EDWARD J. DAVILA, District Judge.
This personal injury case presents rather unique factual circumstances. Former defendant Finish Line, Inc. ("Finish Line") is a retailer of athletic apparel and accessories operating 660 stores across the United States. Plaintiffs Crystal Antonelli, Anny Chi, Alisha Elam, Analynn Foronda, and Karen Lopez (collectively, "Plaintiffs") are former employees of Finish Line's store located at the Great Mall in Milpitas, California. Between December, 2009, and April, 2010, the manager of the Milpitas store, Defendant David Meyer ("Meyer"), placed a concealed camera in the employee restroom and general dressing room in order to create surreptitious video recordings. Plaintiffs were among the individuals secretly-recorded while utilizing the restroom and dressing room, in various states of undress.
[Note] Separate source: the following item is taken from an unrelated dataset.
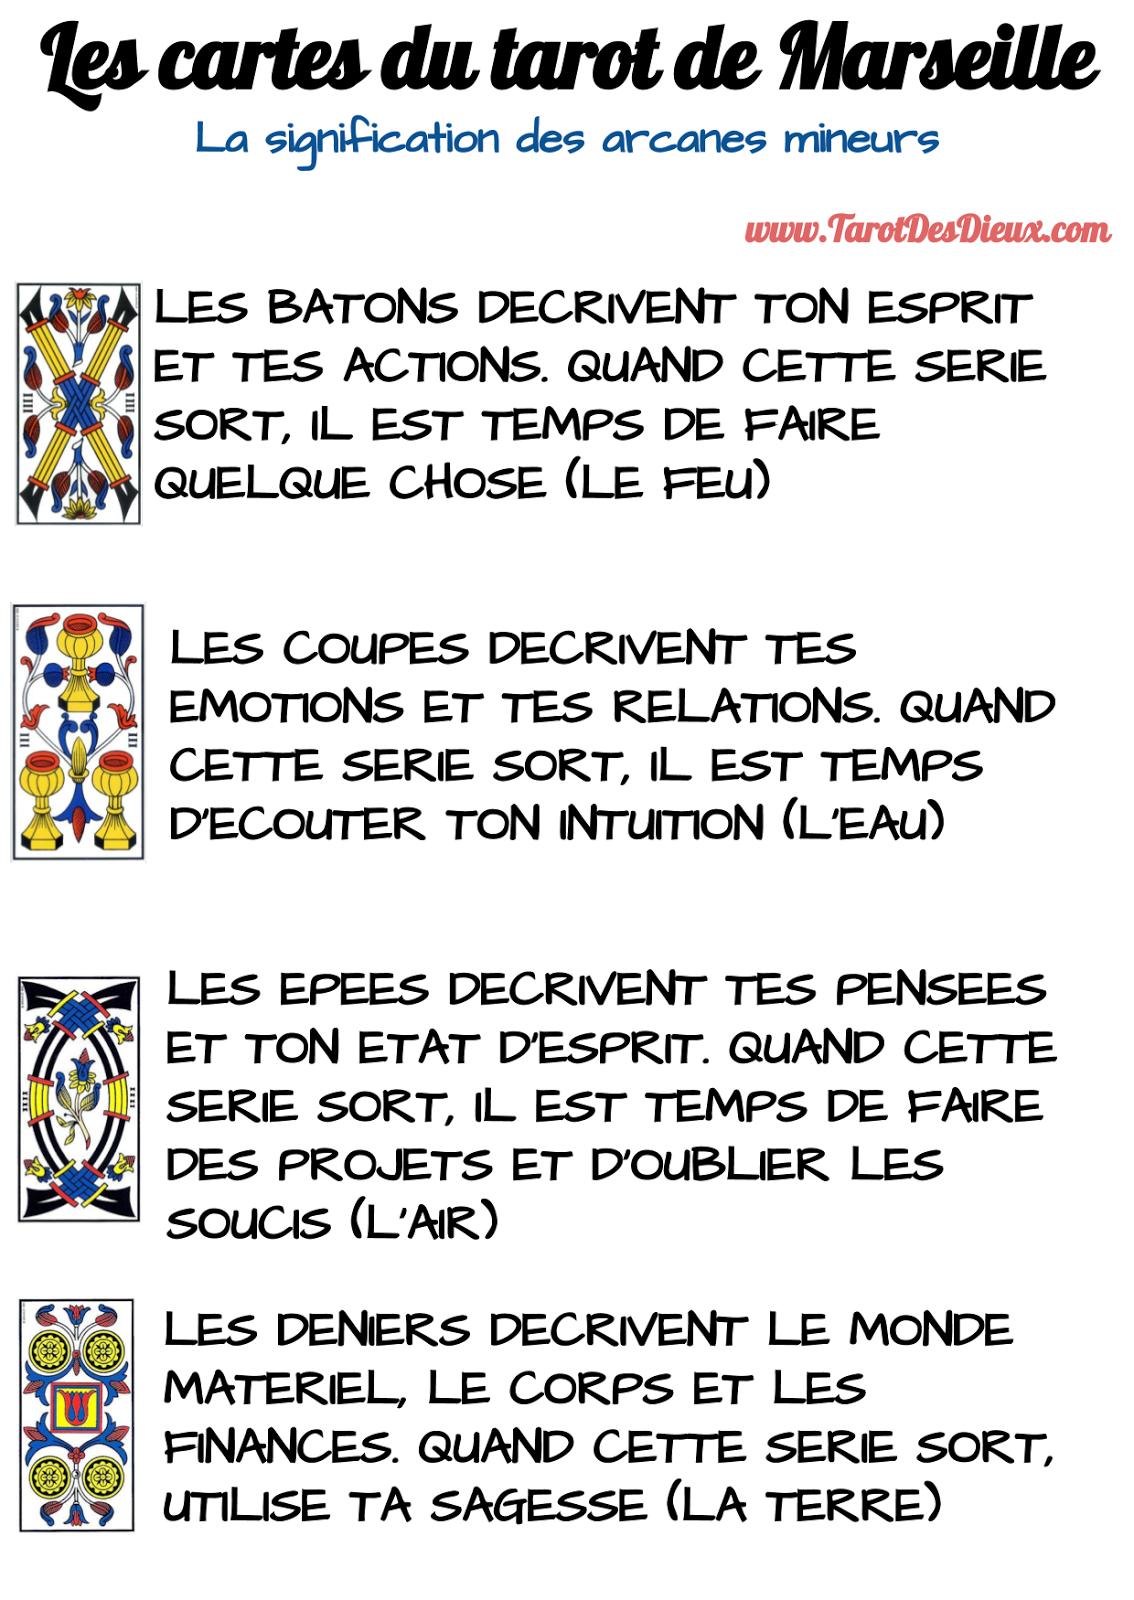 4c5da12d9d195f Infographic sur l interprétation des cartes du tarot de Marseille
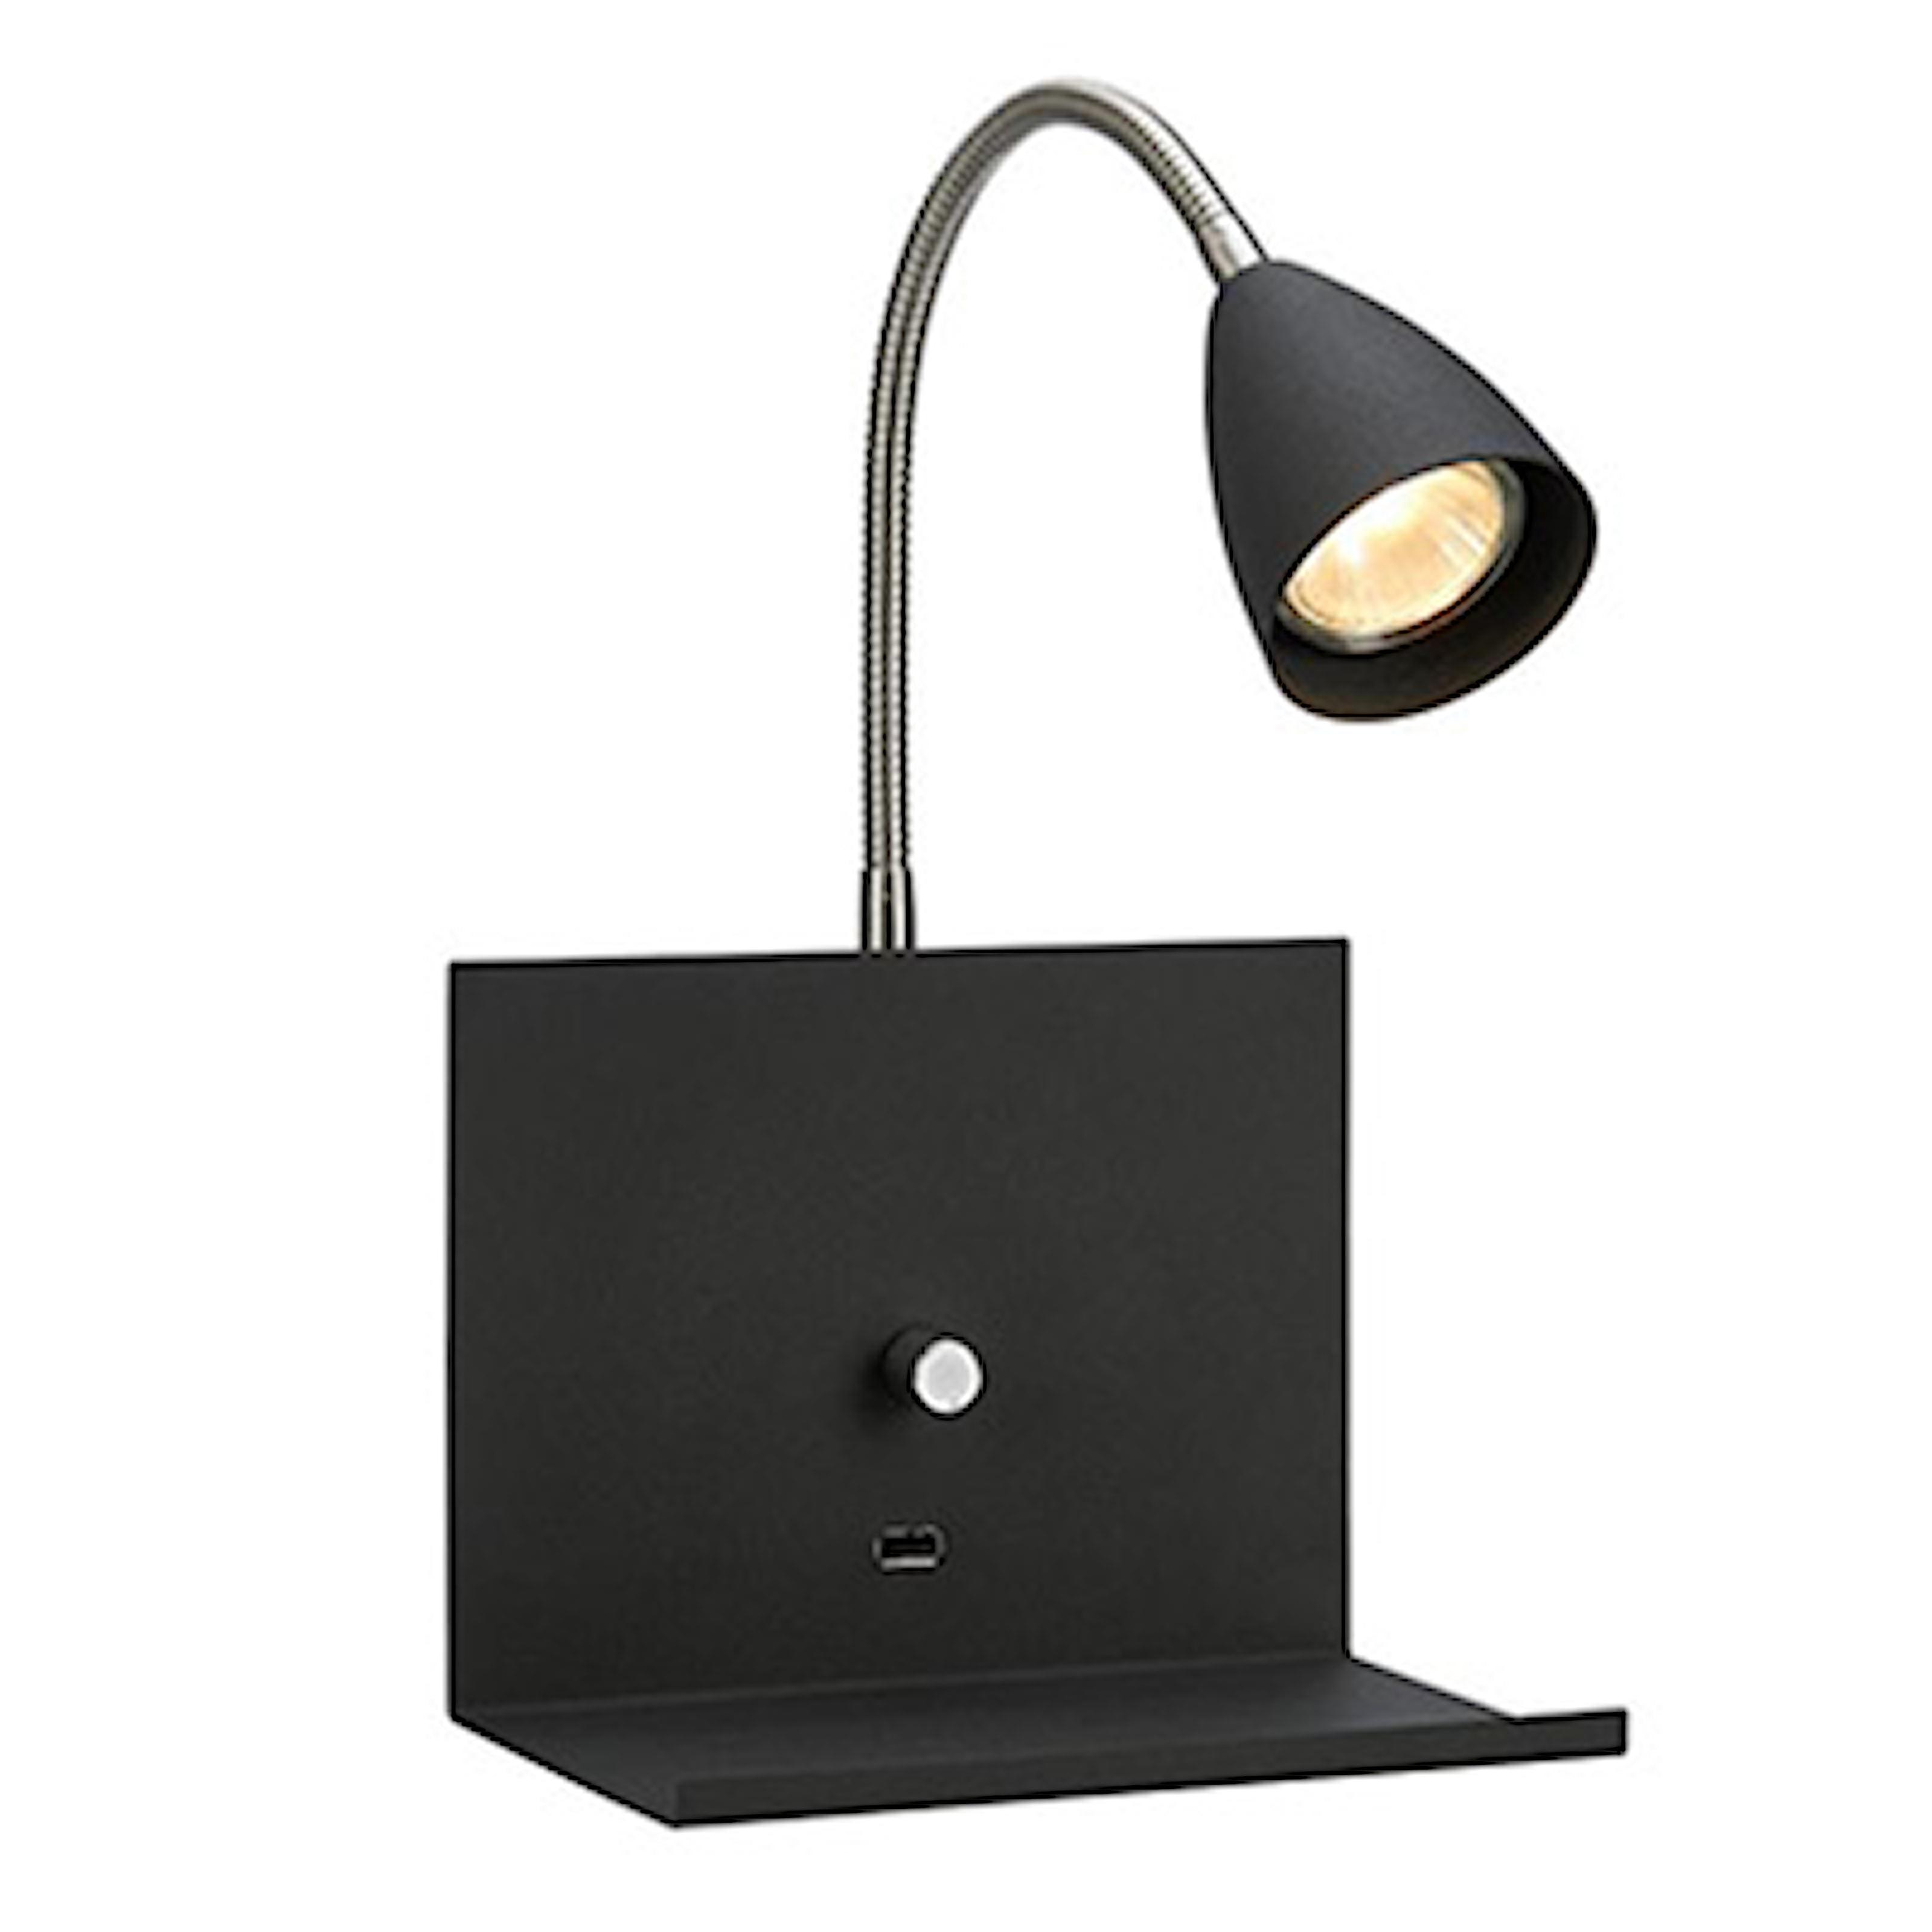 Svart, Wall lamp Logi from Markslöjd, 2 colors, Smart vägglampa från Markslöjd, ,

On August 8, 2011, Plaintiffs filed the Complaint underlying this action against Finish Line and Meyer for: (1) violation of the Article I, Section 1 of the California Constitution, (2) violation of California Civil Code § 1708.8, (3) violation of California Labor Code § 435(a), (4) invasion of privacy, (5) negligence, (6) negligent supervision, (7) intentional infliction of emotional distress, (8) negligent infliction of emotional distress, and (9) declaratory and injunctive relief. In addition to monetary damages, Plaintiffs sought penalties under California's Labor Code Private Attorneys General Act ("PAGA"), California Labor Code § 2698 et. seq., and attorney's fees pursuant to PAGA and California Code of Civil Procedure § 1021.5.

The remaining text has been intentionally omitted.